Her eyes held galaxies.

"I wasn't allowed," she said. "And then… I forgot."

The memory unfolded without permission.

— Kael, younger, bloodied, kneeling before a celestial tribunal

— Gods debating his worth like a resource

— Elira standing alone against them

He is too fragile, they'd said.

Then make him stronger, she'd replied.

Or admit you're afraid of what he'll become if he survives.

Kael felt it then.

Her fear.

Not of heaven.

Of losing him.

The scene shattered.

They were somewhere else now — a dark room, close, intimate. Kael felt her breath like it was his own. Felt the echo of her loneliness burning through centuries.

Elira swayed.

"I didn't choose godhood," she murmured. "It chose me. And I hated how alone it was."

He reached for her.

Pulled her against him.

This wasn't flesh.

This was truth.

"I was angry at the world," Kael said, voice rough. "I thought I chose the serpent. I thought I chose war."

He pressed his forehead to hers.

"I chose you. Over and over. Even when I didn't remember why."

Her hands clenched in his armor.

The bond flared — not heat this time, but need.

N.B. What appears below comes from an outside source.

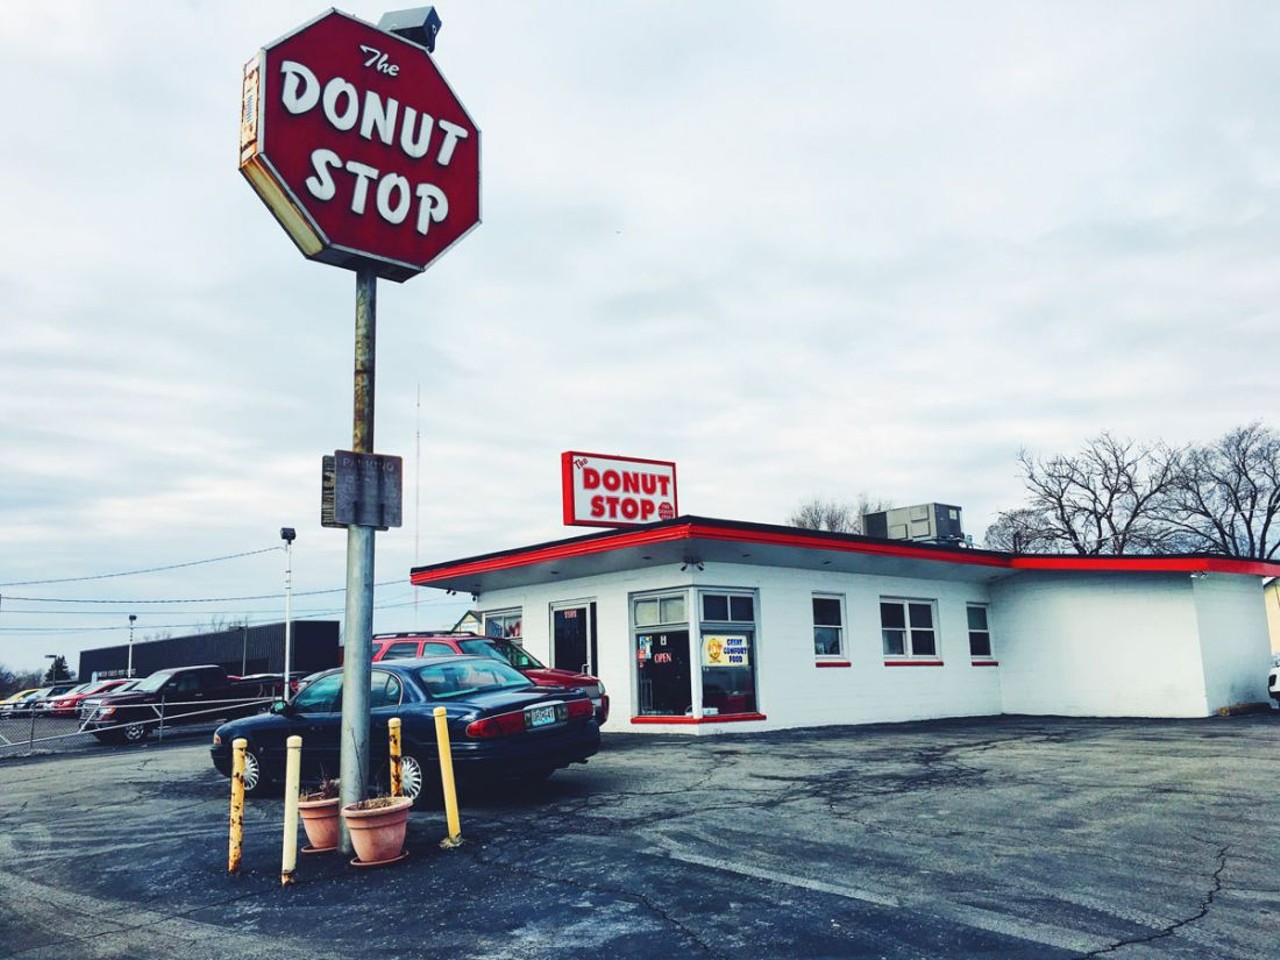 Throughout its long history, Donut Stop has been recognized both locally and nationally for these amazing donuts.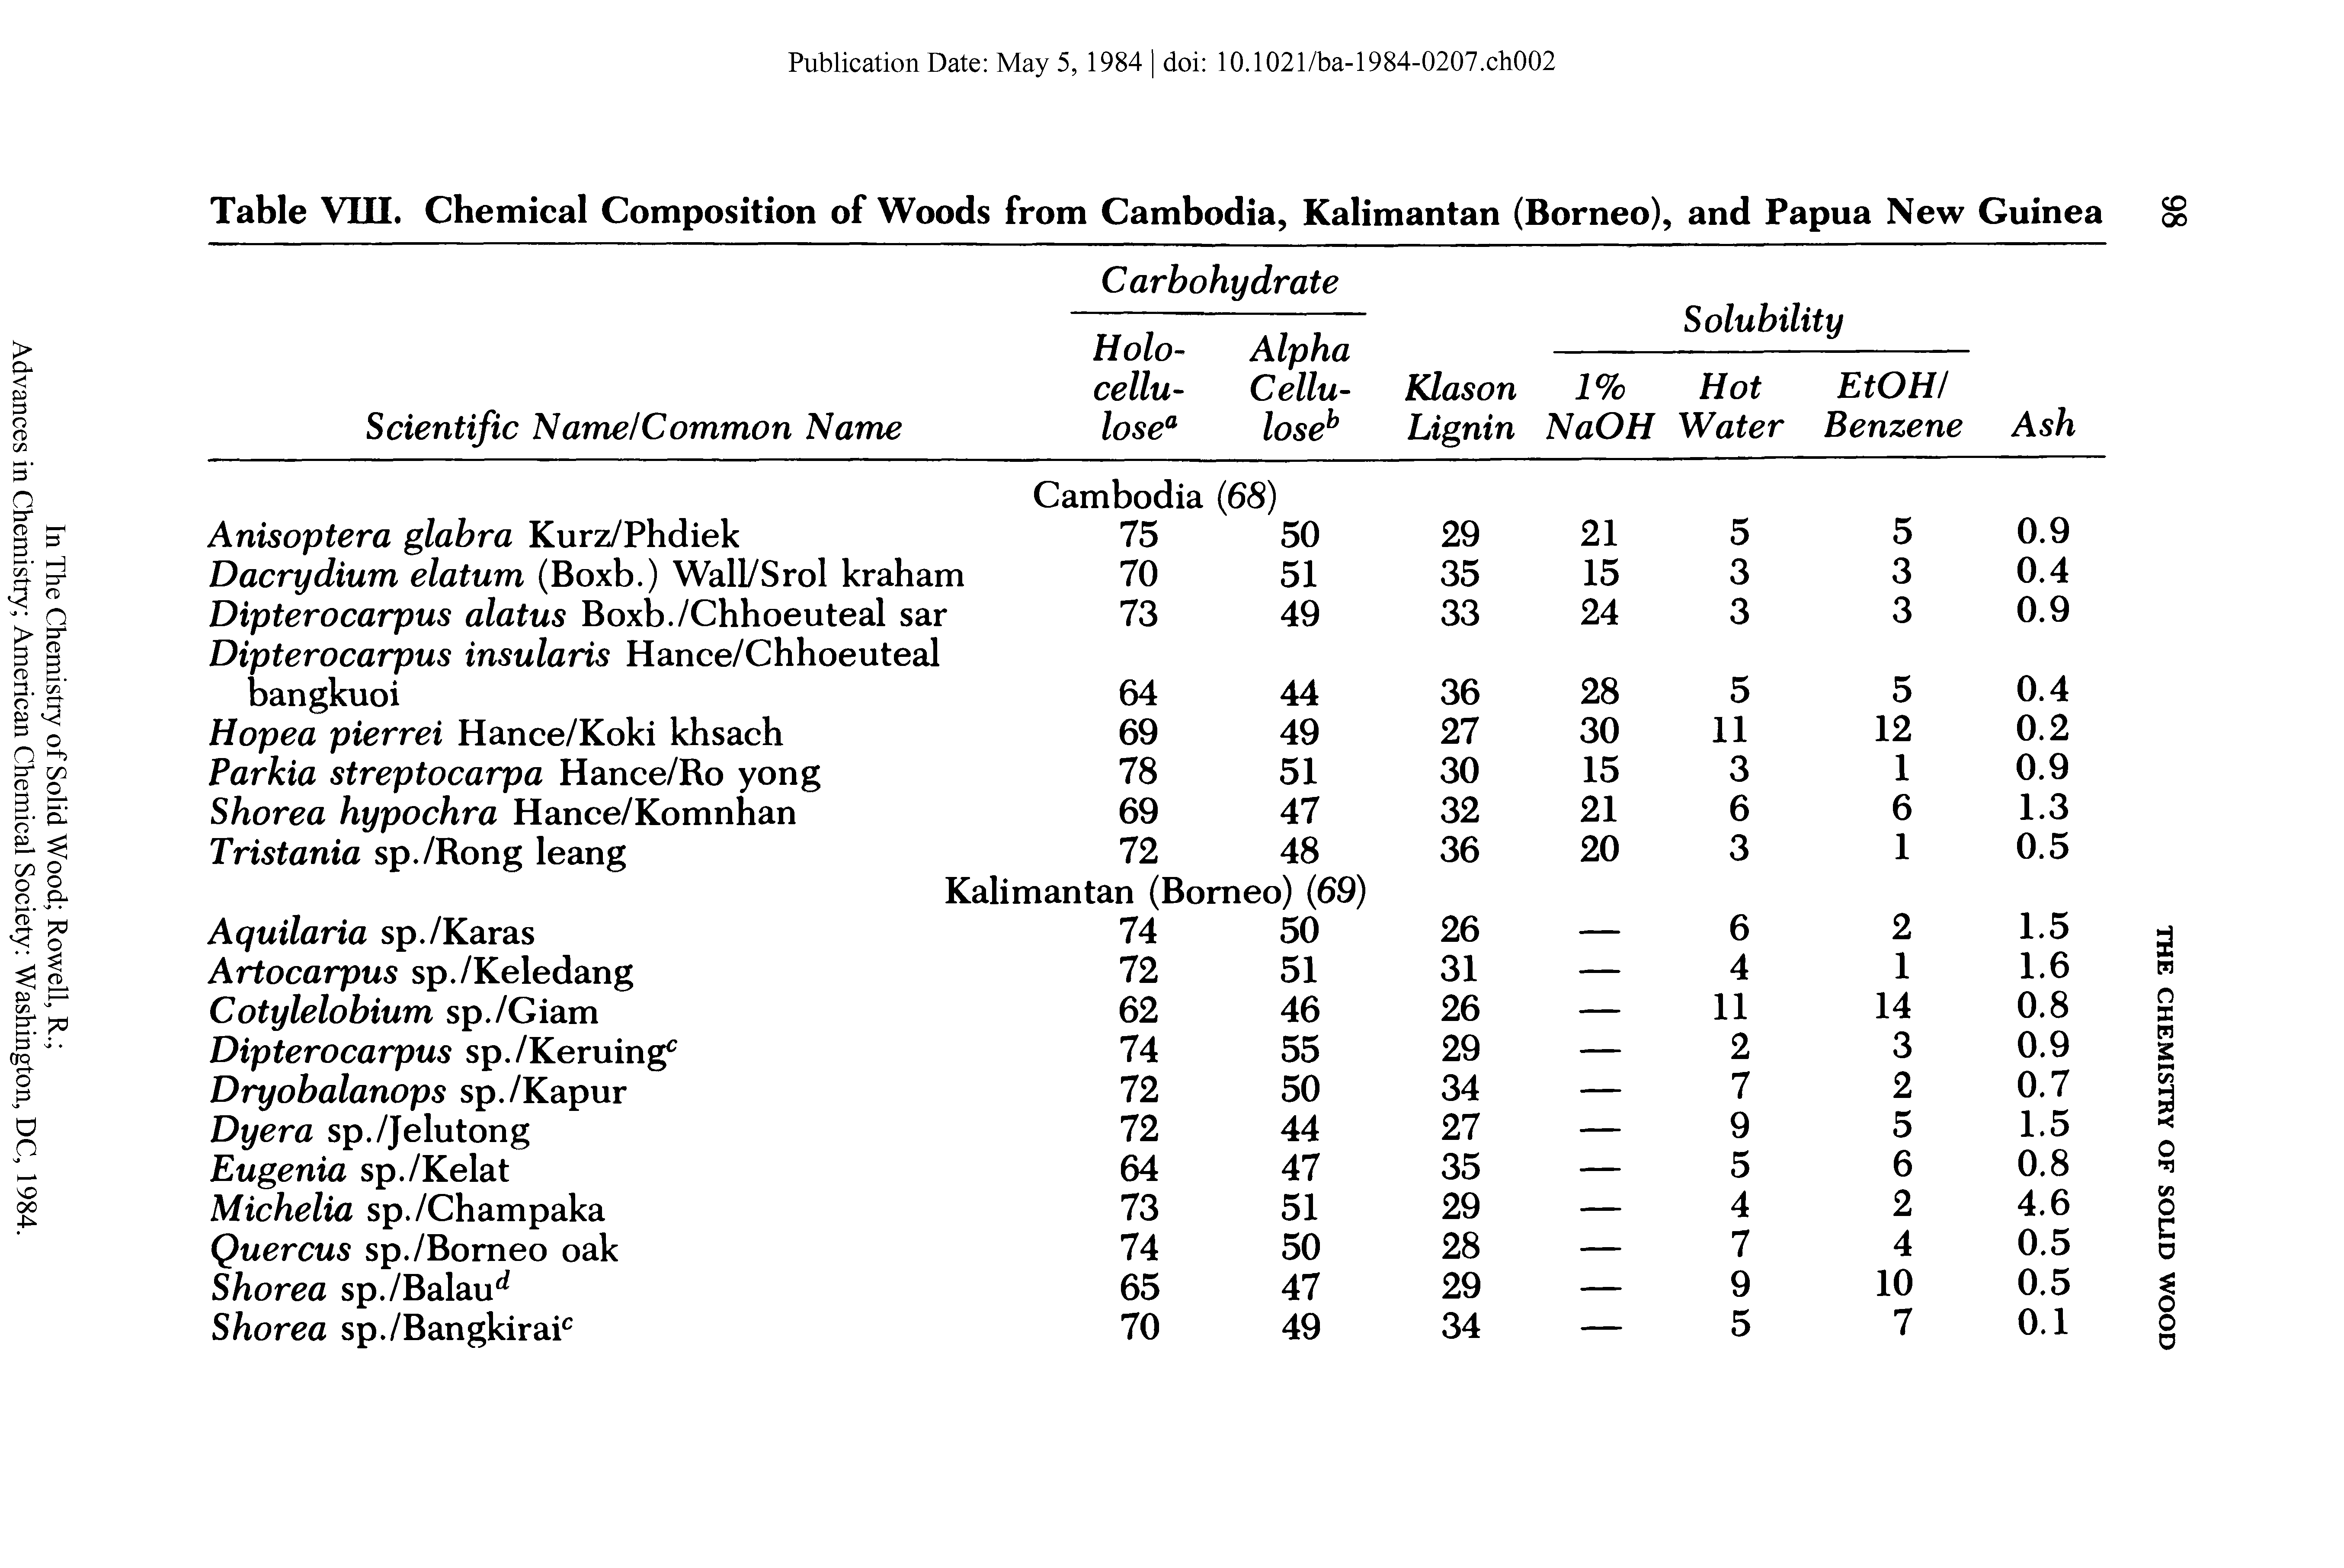 Table VIII. Chemical Composition of Woods from Cambodia, Kalimantan (Borneo), and Papua New Guinea...

A deep, aching pull that begged for closeness, for grounding, for something solid enough to hold eternity.

Their mouths hovered a breath apart.

Elira's voice trembled. "If this keeps deepening…"

"I know," Kael said. "I feel it too."

Because he did.

Her fear of abandonment.

Her grief for what she'd lost.

Her dangerous, aching desire to be chosen not as a star…

…but as a woman.

He kissed her forehead instead.

A deliberate restraint.

A promise.

---

Kael jerked upright with a sharp inhale.

Elira did the same — gasping, clutching the front of his shirt.

For a long moment, neither spoke.

Then Elira whispered, "They're afraid of us."

Kael looked at the circlet on the table — now dark, inert.

"They should be."

She leaned into him, resting her head against his chest. He wrapped an arm around her automatically — protective, grounding.

"We can't hide anymore," she said quietly.

"No," he agreed. "So we make the truth dangerous to ignore."

Outside the chamber, the fortress shifted — alliances forming, plots tightening, heaven listening.

Inside, two beings bound by memory, shadow, and starlight prepared to become something the world had no name for yet.

And when Elira closed her eyes again…

She dreamed.

Not of falling.

But of standing beside him — unafraid.